**What you will do:**
From the first line to the last, copy the listing exactly and omit the pictures.

**Provided material:**
++++++

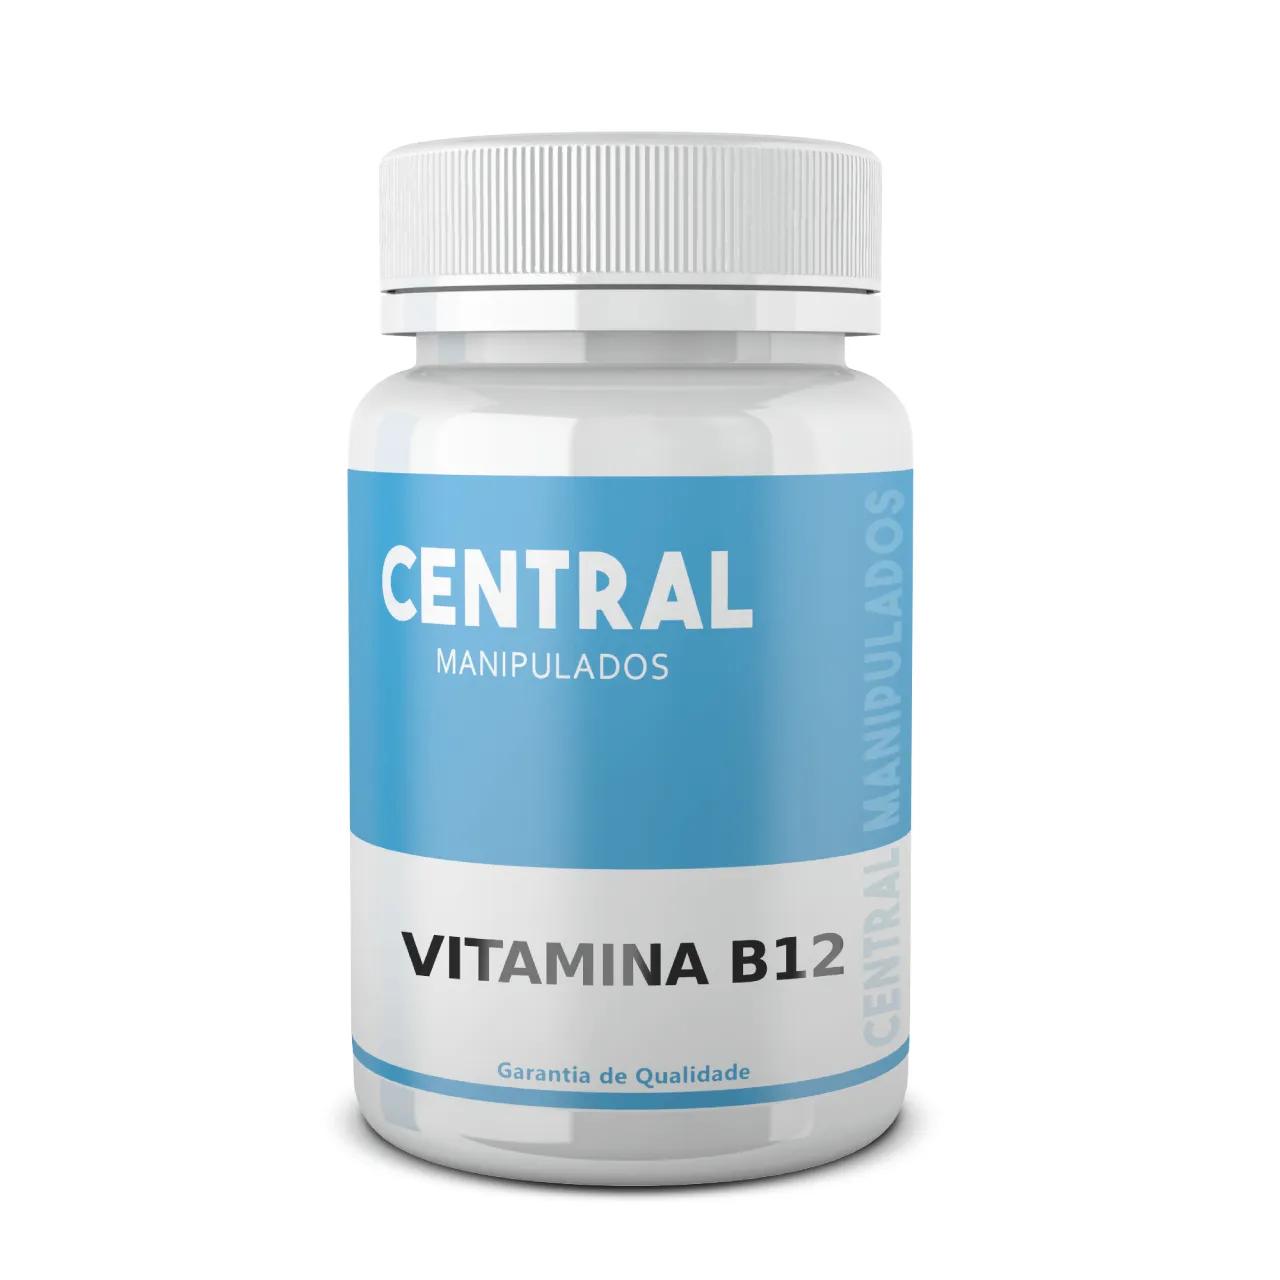 Vitamina B12 1mg - 30 Comprimidos Sublingual  (Tapiocaps)
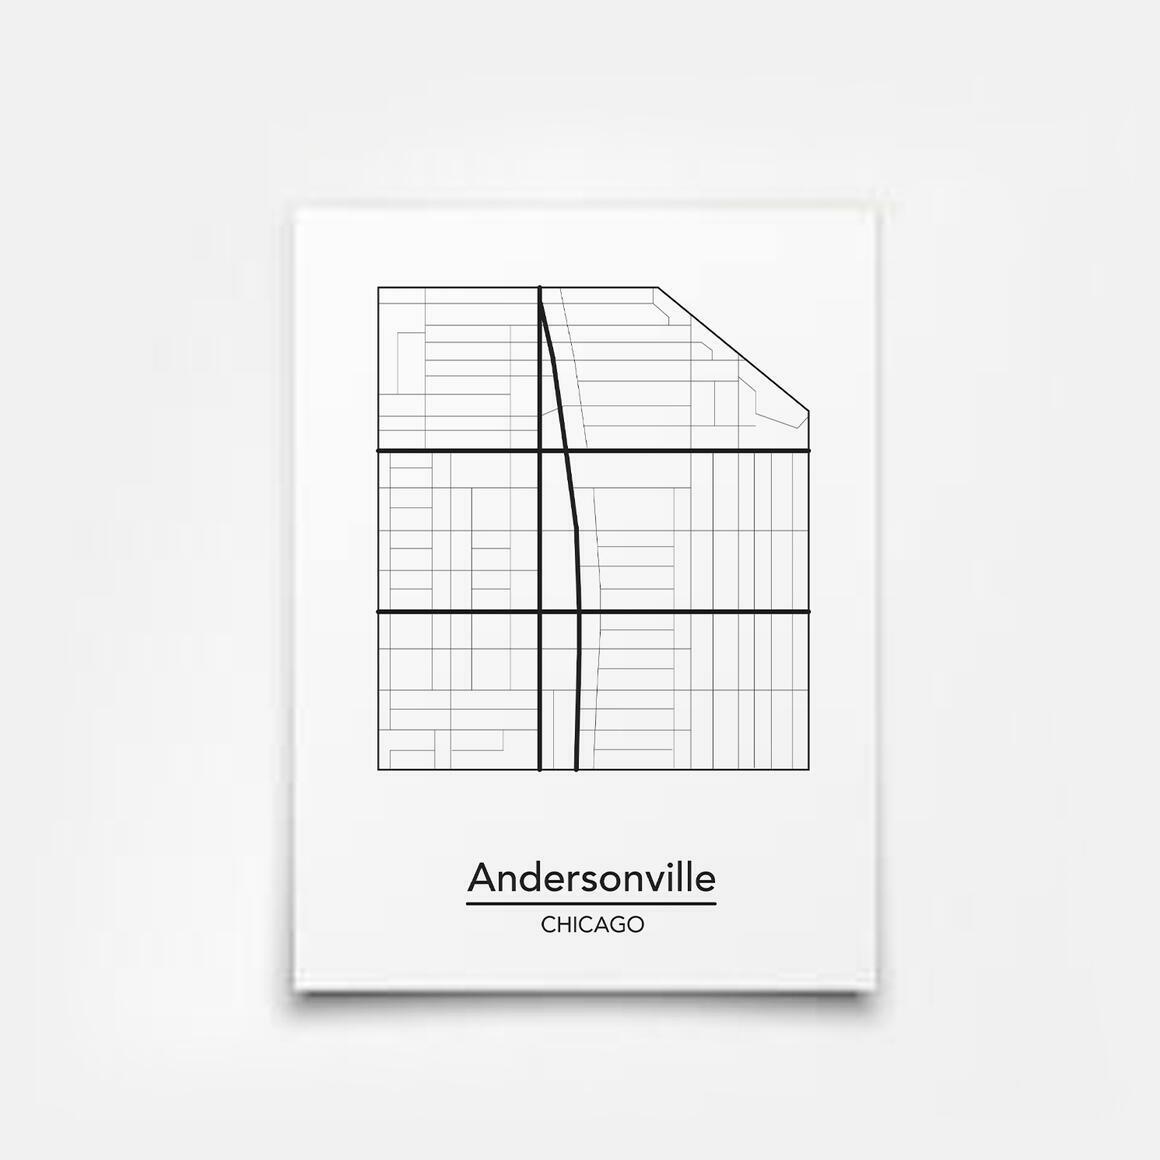 Andersonville - Chicago Neighborhood Map Print | Trada Marketplace
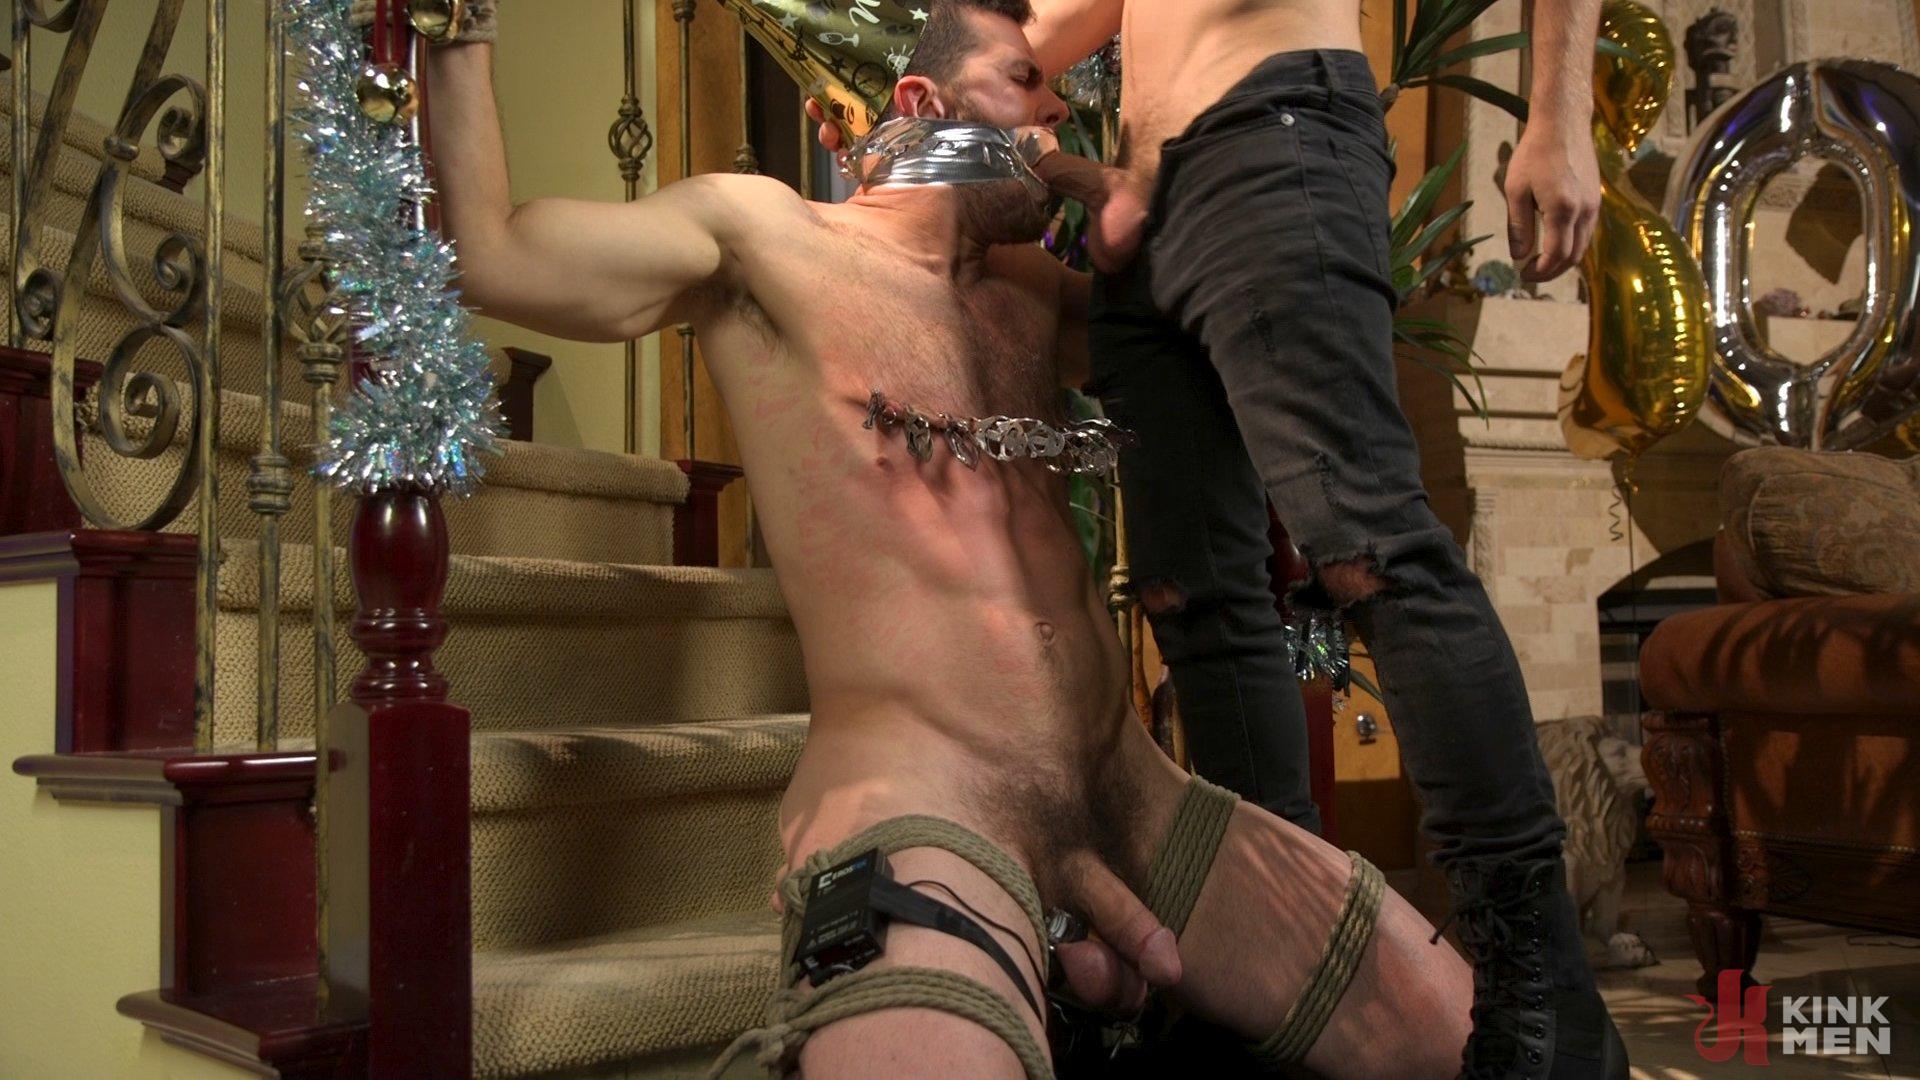 Photo number 14 from Homo Alone Part 2: Pizza Man Michael DelRay Punishes Vander Pulaski shot for Bound Gods on Kink.com. Featuring Michael DelRay and Vander Pulaski in hardcore BDSM & Fetish porn.

++++++

**Finished task:**
 Vitamina B12 1mg - 30 Comprimidos Sublingual  (Tapiocaps)
 Andersonville - Chicago Neighborhood Map Print | Trada Marketplace
 Photo number 14 from Homo Alone Part 2: Pizza Man Michael DelRay Punishes Vander Pulaski shot for Bound Gods on Kink.com. Featuring Michael DelRay and Vander Pulaski in hardcore BDSM & Fetish porn.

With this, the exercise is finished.